▶ _THE PROBLEM_
Would you please repeat all of the data exactly, omitting the pictures?

▶ _DATA EXCERPT_
══════════════════════════════

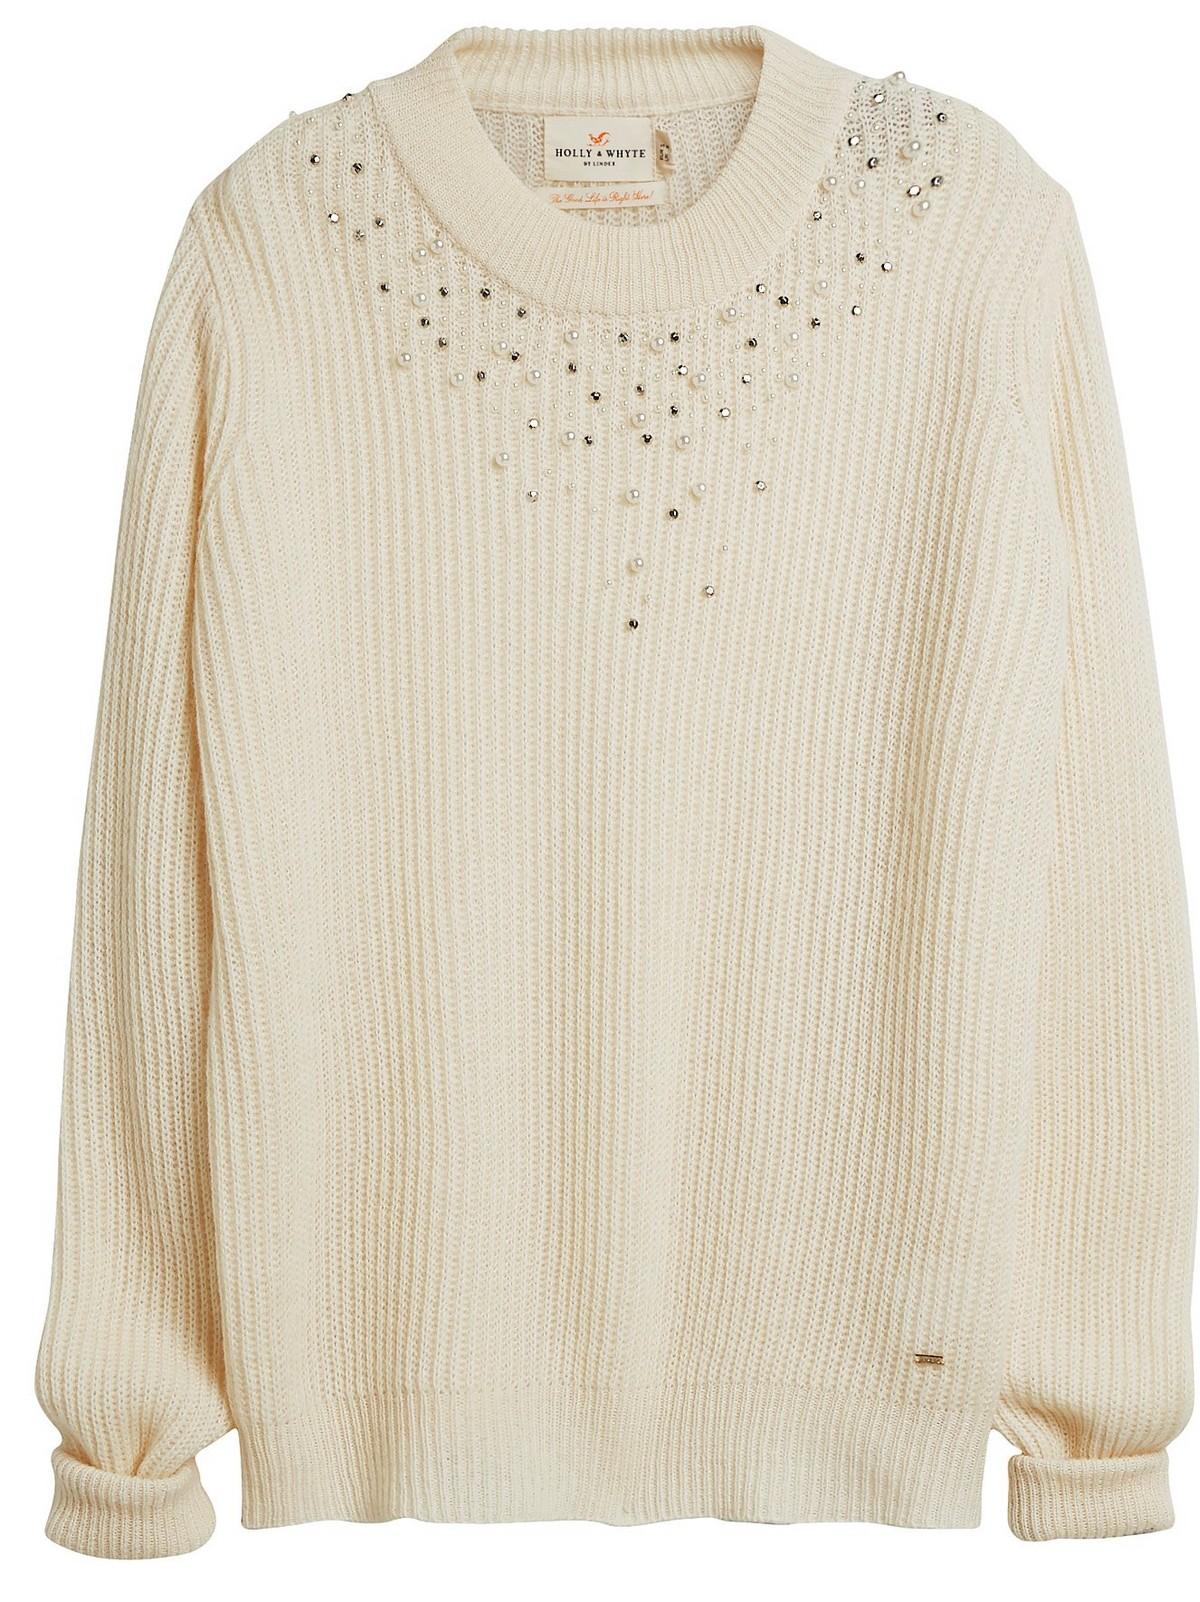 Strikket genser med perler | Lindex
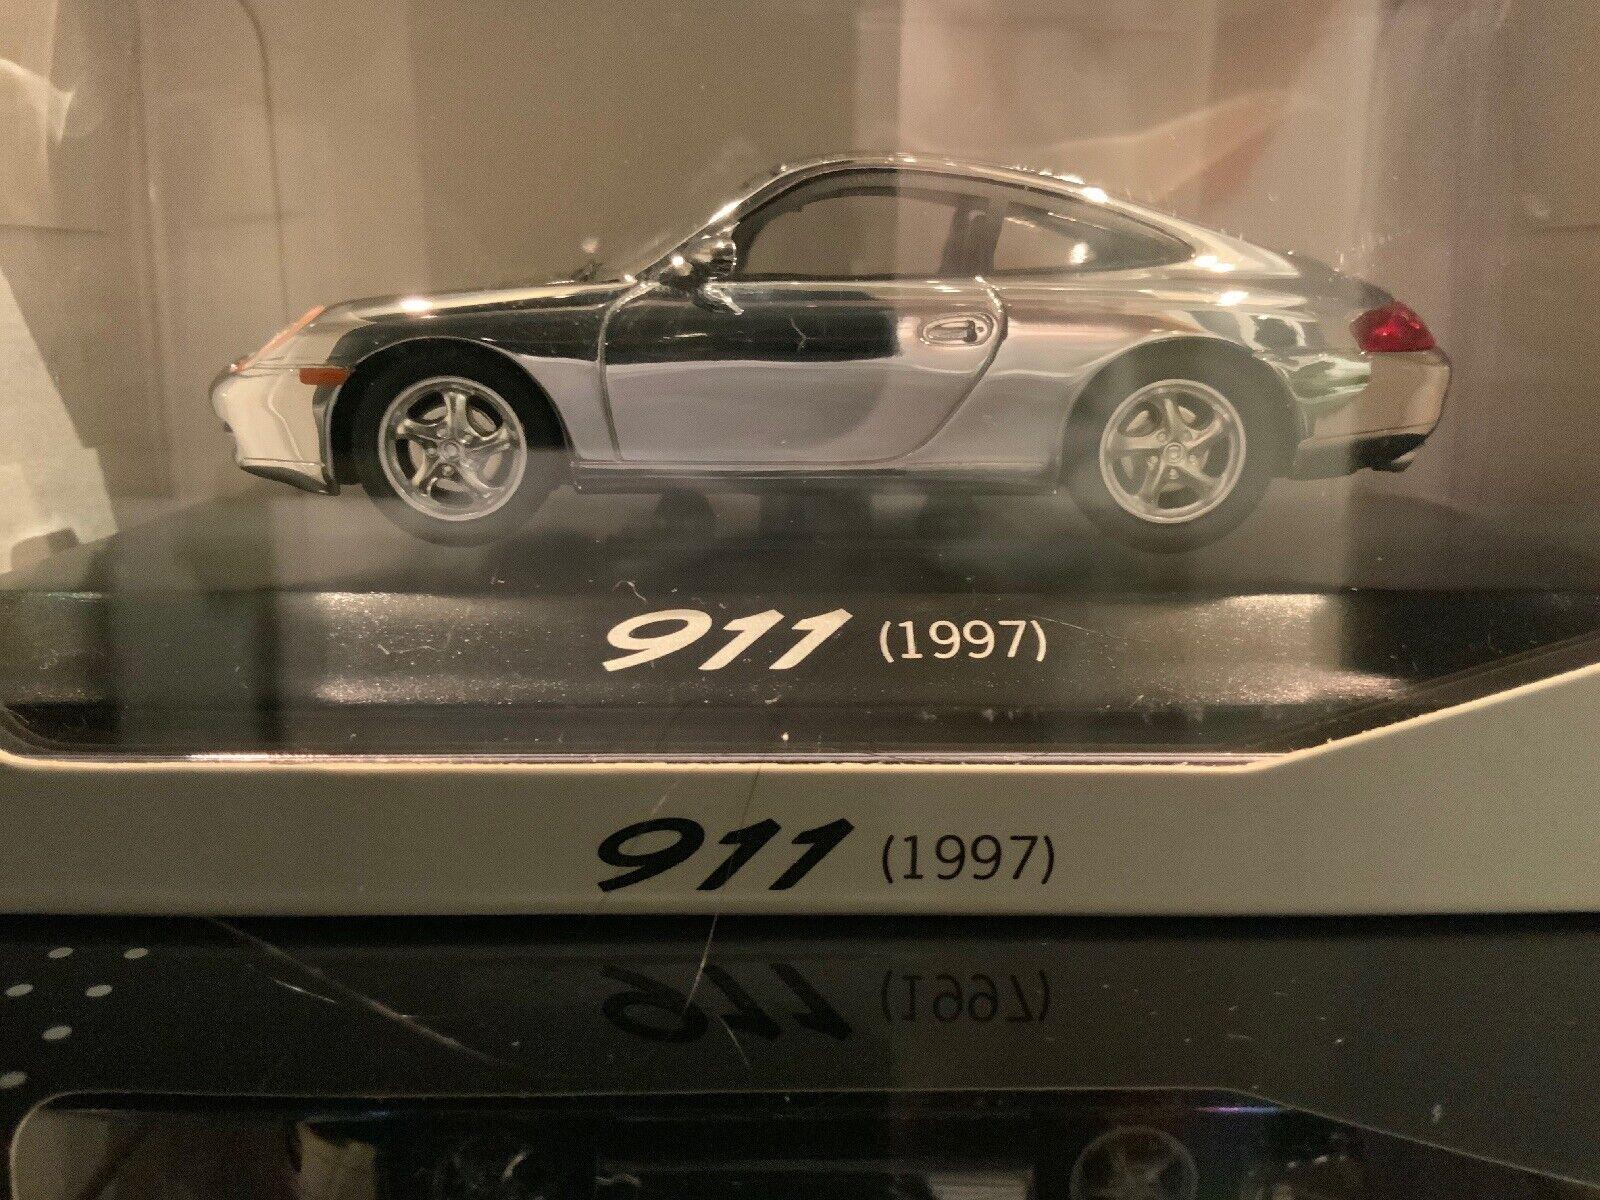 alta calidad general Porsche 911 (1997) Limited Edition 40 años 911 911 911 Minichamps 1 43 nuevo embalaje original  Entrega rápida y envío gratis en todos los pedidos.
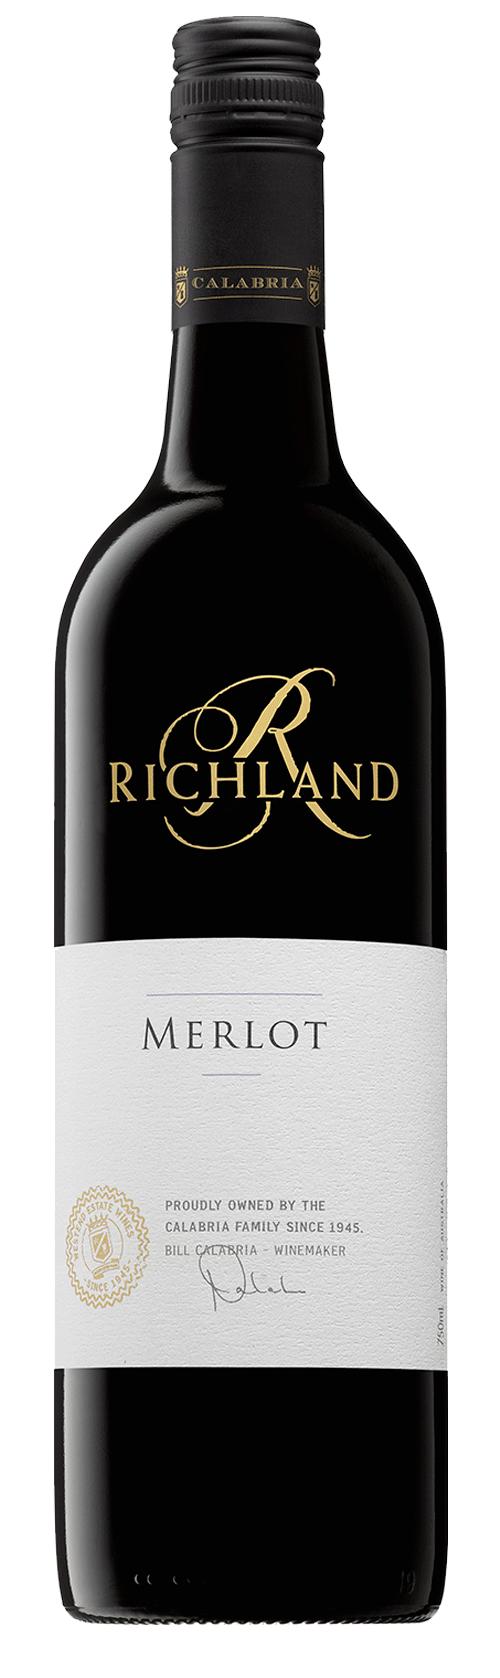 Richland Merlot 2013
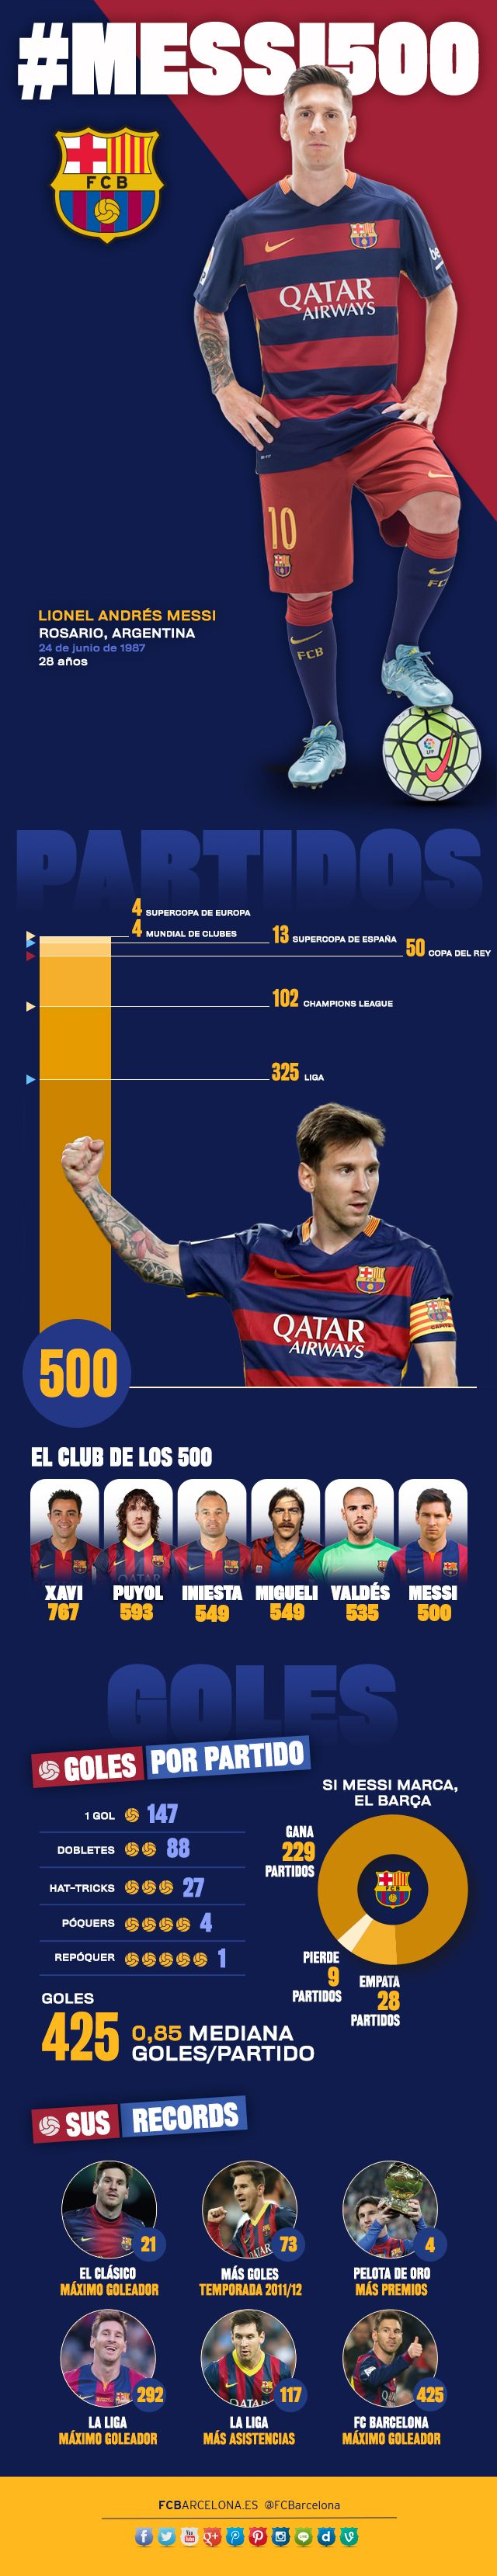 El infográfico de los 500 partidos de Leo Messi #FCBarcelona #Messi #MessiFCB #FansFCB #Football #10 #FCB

══════════════════════════════

▶ _SOLUTION TO THIS PROBLEM_
 Strikket genser med perler | Lindex
 alta calidad general Porsche 911 (1997) Limited Edition 40 años 911 911 911 Minichamps 1 43 nuevo embalaje original  Entrega rápida y envío gratis en todos los pedidos.
 Richland Merlot 2013
 El infográfico de los 500 partidos de Leo Messi #FCBarcelona #Messi #MessiFCB #FansFCB #Football #10 #FCB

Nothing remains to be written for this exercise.